Data provided =

◆ ◆ ◆ ◆ ◆ ◆ ◆

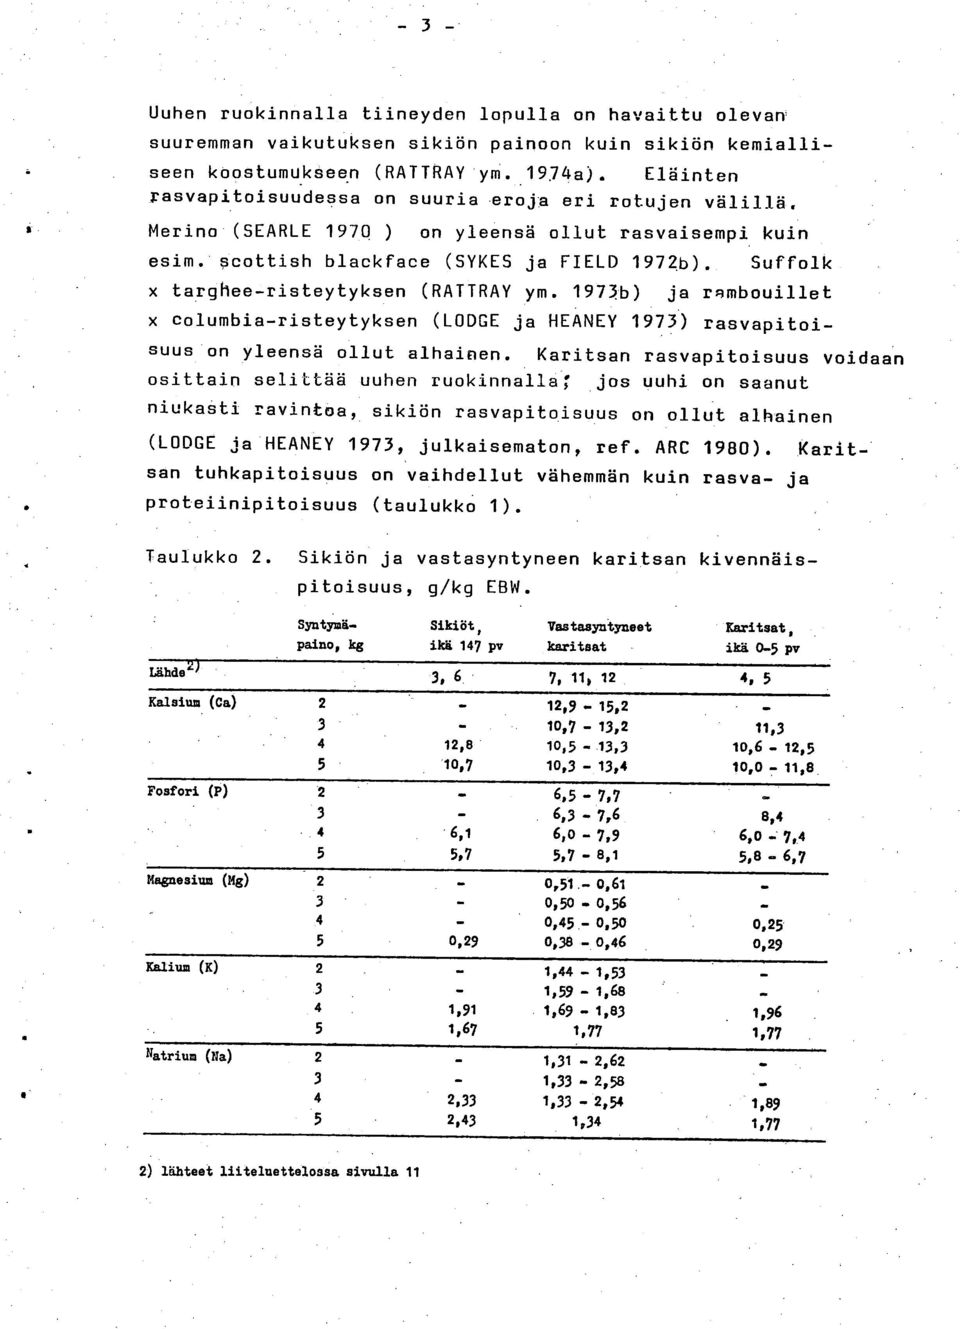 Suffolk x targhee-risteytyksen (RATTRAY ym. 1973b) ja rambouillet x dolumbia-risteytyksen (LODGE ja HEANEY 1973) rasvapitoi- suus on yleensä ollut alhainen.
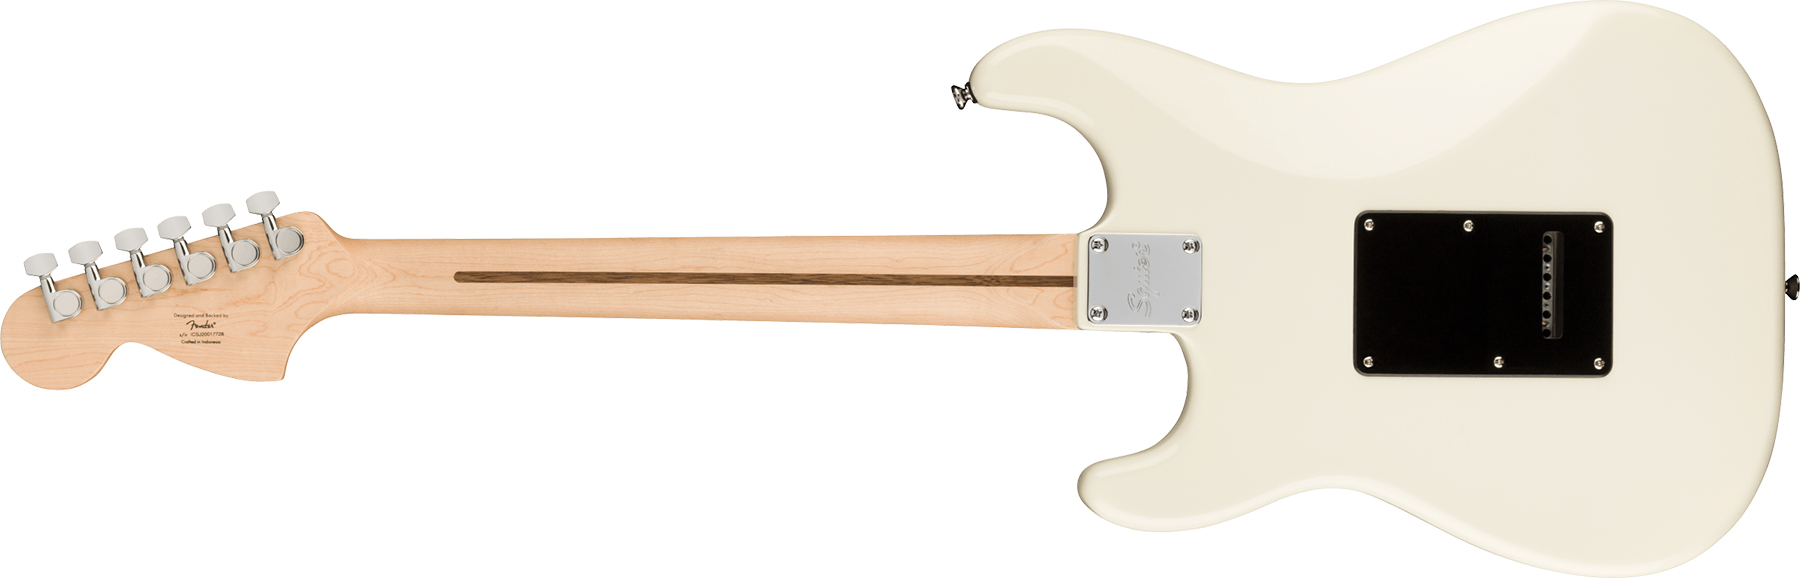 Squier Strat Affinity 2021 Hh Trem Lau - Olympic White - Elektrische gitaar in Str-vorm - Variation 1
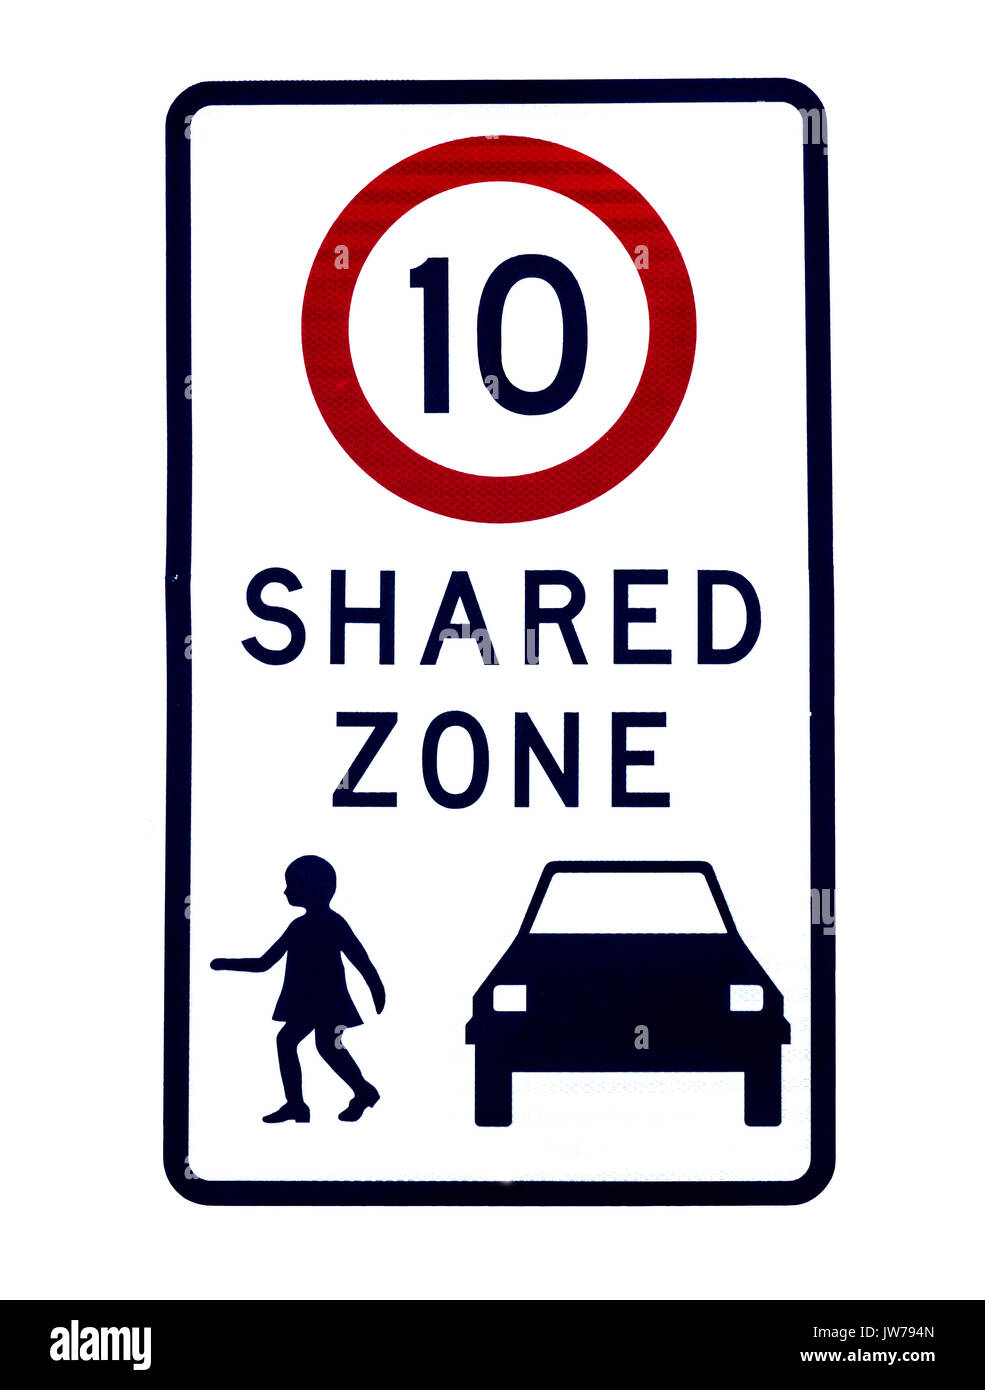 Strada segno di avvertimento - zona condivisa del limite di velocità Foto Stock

◆ ◆ ◆ ◆ ◆ ◆ ◆

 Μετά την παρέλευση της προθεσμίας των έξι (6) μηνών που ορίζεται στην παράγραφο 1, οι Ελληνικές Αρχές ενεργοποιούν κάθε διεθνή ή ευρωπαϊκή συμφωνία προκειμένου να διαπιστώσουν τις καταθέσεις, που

◆ ◆ ◆ ◆ ◆ ◆ ◆

Problem = Copy needed, without pictures: the lines of the listing above from the line containing "Suffolk x targhee-risteytyksen" up to and including the line containing "Strada segno di", set down exactly.

Solution to this problem =
 Suffolk x targhee-risteytyksen (RATTRAY ym. 1973b) ja rambouillet x dolumbia-risteytyksen (LODGE ja HEANEY 1973) rasvapitoi- suus on yleensä ollut alhainen.
 Squier Strat Affinity 2021 Hh Trem Lau - Olympic White - Elektrische gitaar in Str-vorm - Variation 1
 Strada segno di avvertimento - zona condivisa del limite di velocità Foto Stock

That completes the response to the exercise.